MO11 recognizes an epitope outside of the RBD and does not inhibit the ACE2-spike interaction. (A) The binding ability of MO11 to the pre-fusion stabilized spike ectodomain. (B) The binding ability of MO11 to the spike RBD. The RBD-targeting antibody MO7 isolated in our previous study (7) was also included as a control. (C) A competition enzyme-linked immunosorbent assay was performed to analyze MO11’s ability to inhibit the ACE2-spike interaction. The mean of three independent experiments with the standard error is shown for each group. The data were analyzed by Dunnett’s multiple comparisons test against the no-antibody (No Ab) group.

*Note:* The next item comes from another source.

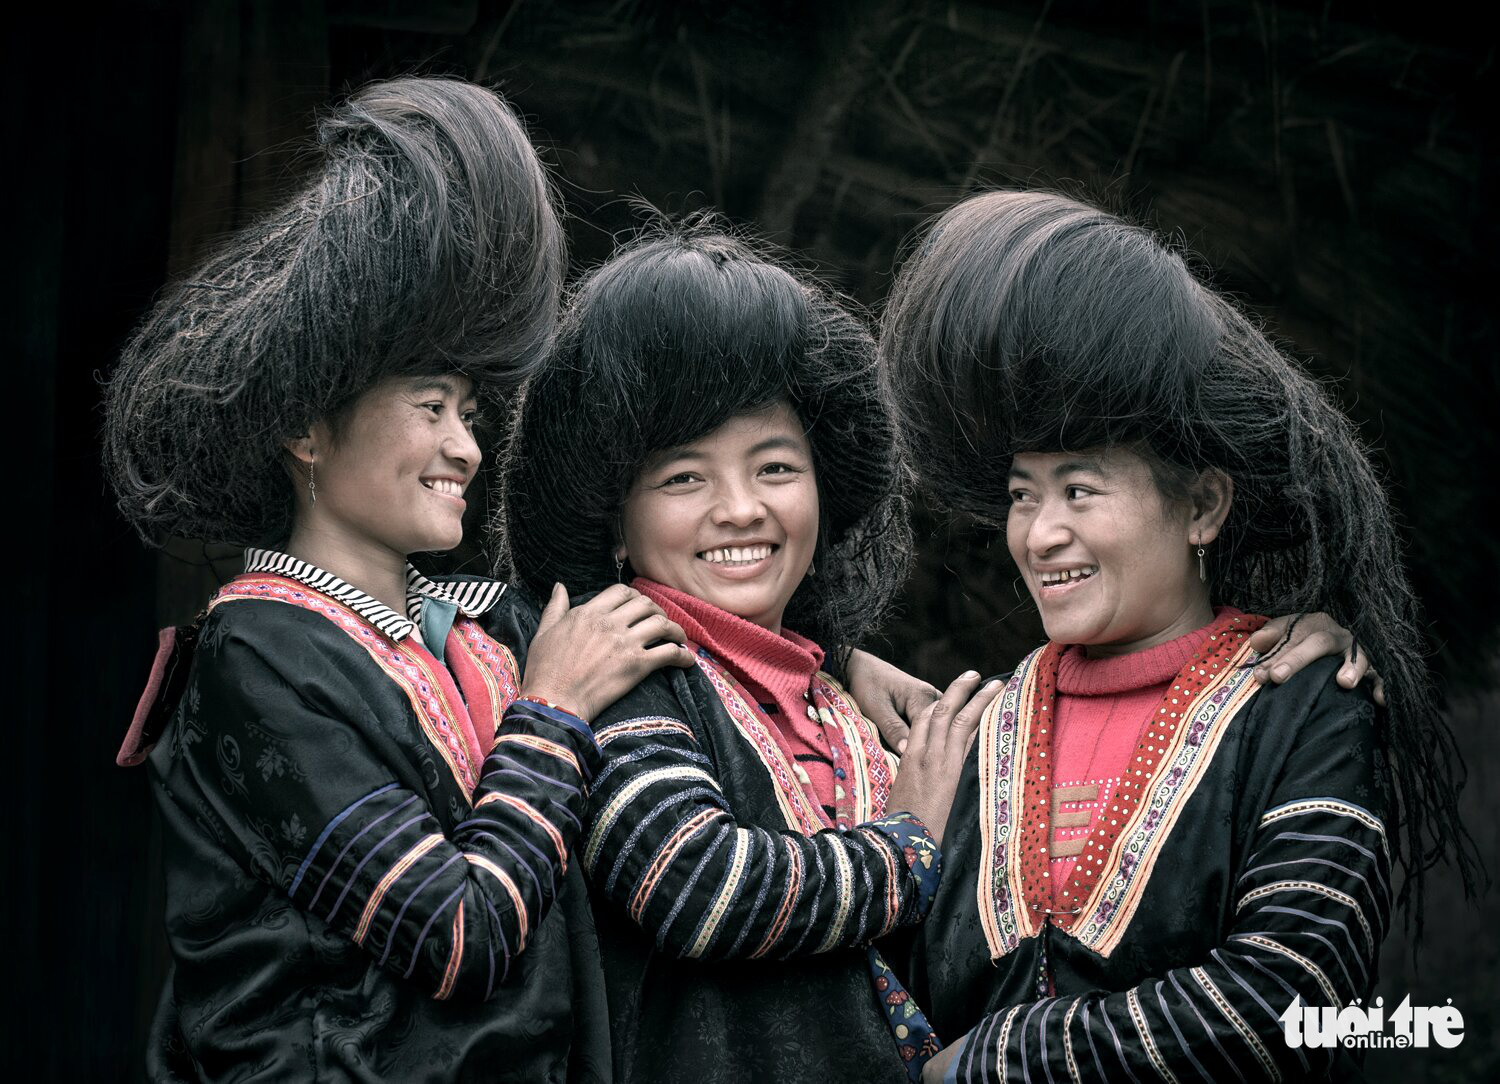 Photographer captures beauty of Vietnamese women through his lens

Probability (p)-values < 0.05 were considered significant.

Fig 4

The complex structure of MO11-spike revealed by cryoEM. (A and B) The density map (A) and the molecular models (B) of MO11’s VH/VL – BQ.1.1 spike complex are shown from two different views. Blue: NTD, cyan: RBD, magenta: SD1, orange: SD2, white: S2, yellow: glycans, green: MO11 VH, light green: MO11 VL. (C) Close-up views of the MO11-SD1 contact are shown as ribbon models with solvent-accessible surfaces.

Fig 5

Details of the molecular interaction between MO11 and the spike. (A) Close-up views of the MO11-SD1 contact are shown as ribbon models with solvent-accessible surfaces. (B) The MO11 VH/VL footprint on the spike SD1 (top) and that of spike SD1 on MO11 (bottom). (C) The interaction around the spike N532. (D) The broad interaction between MO11 VL and the spike SD1. (E) The interaction around N331 glycan.